Your goal
Your answer must restate the listing below word for word and contain no images.

Data excerpt
● ● ● ● ● ● ●

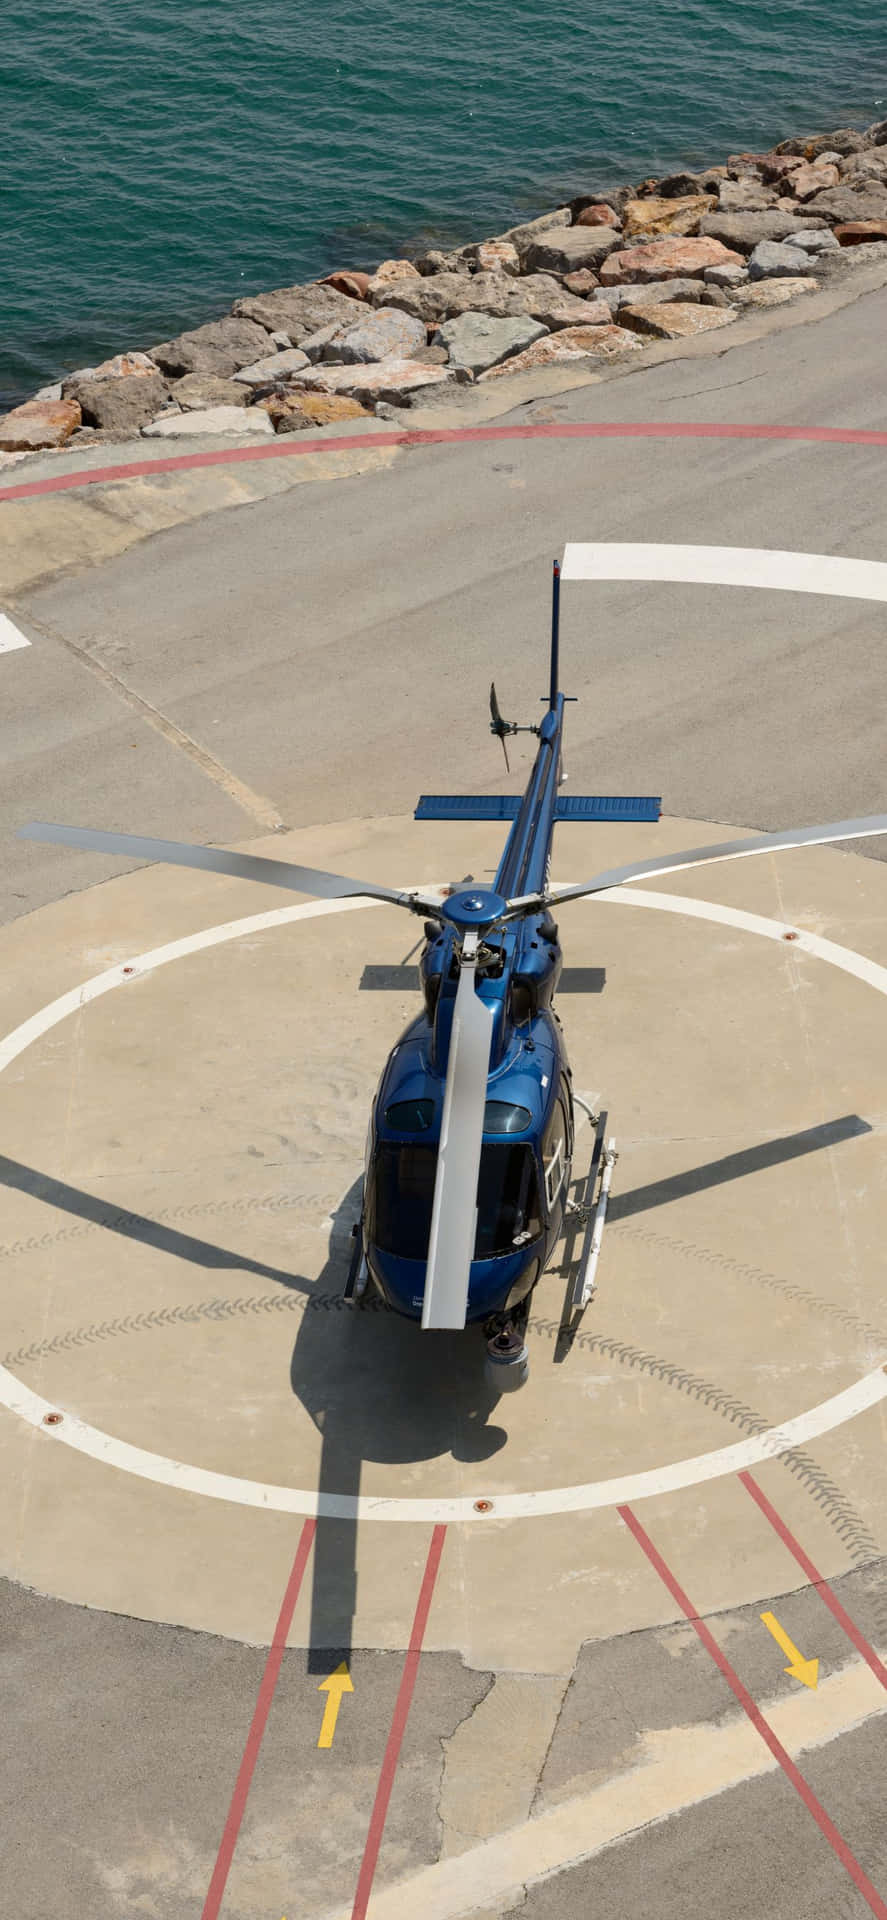 En helikopter er parkeret på landingsbanen
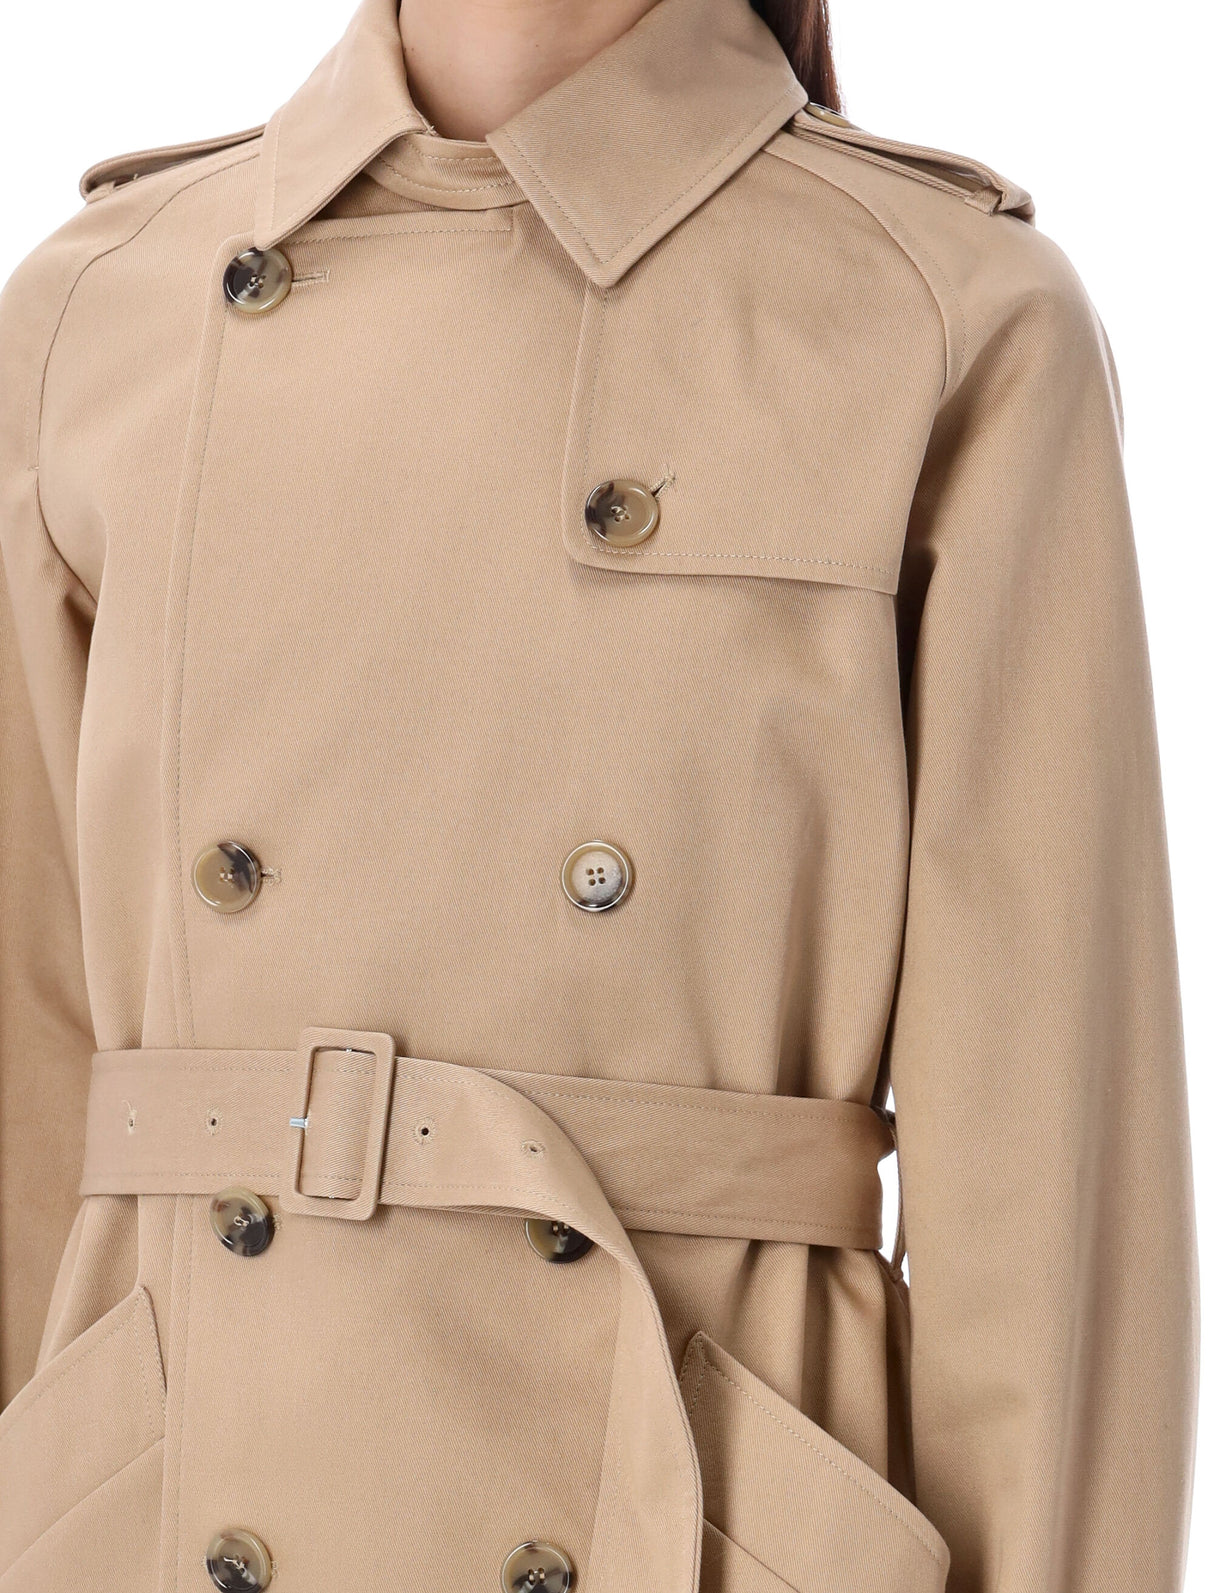 Áo khoác trench cotton chống thấm cho phụ nữ - Màu tan
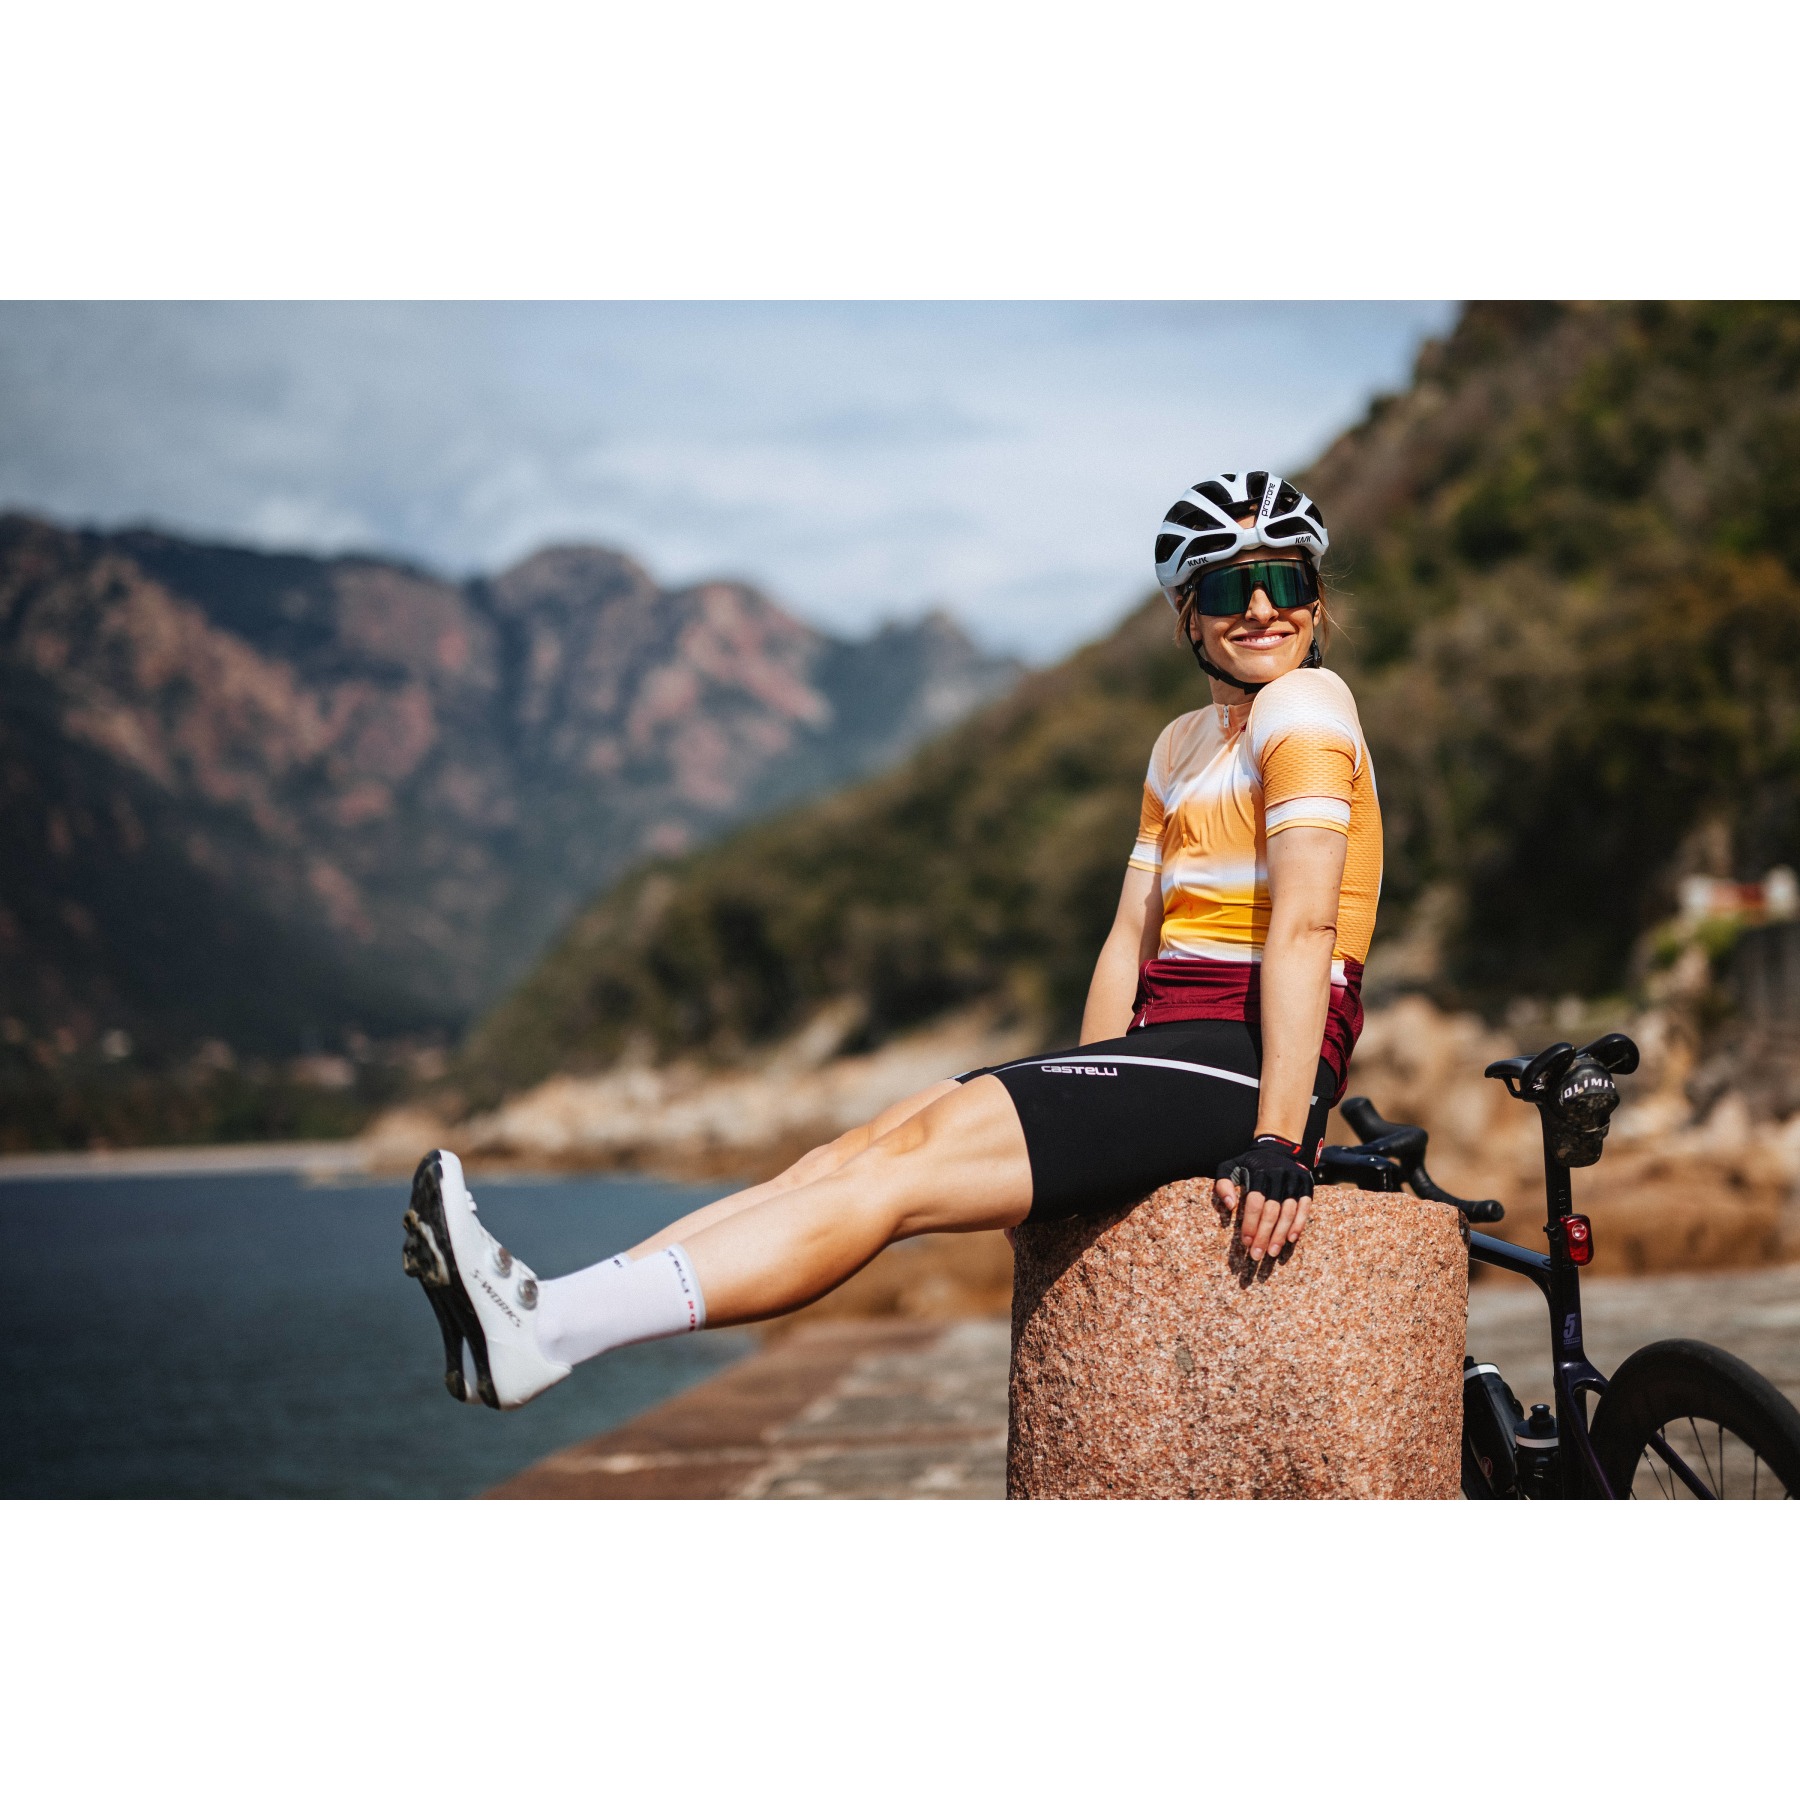 Maillot Ciclismo Mujer Culotte Corto Con Tirantes

● ● ● ● ● ● ●

Solution for this exercise
 En helikopter er parkeret på landingsbanen
 Áo khoác trench cotton chống thấm cho phụ nữ - Màu tan
 Maillot Ciclismo Mujer Culotte Corto Con Tirantes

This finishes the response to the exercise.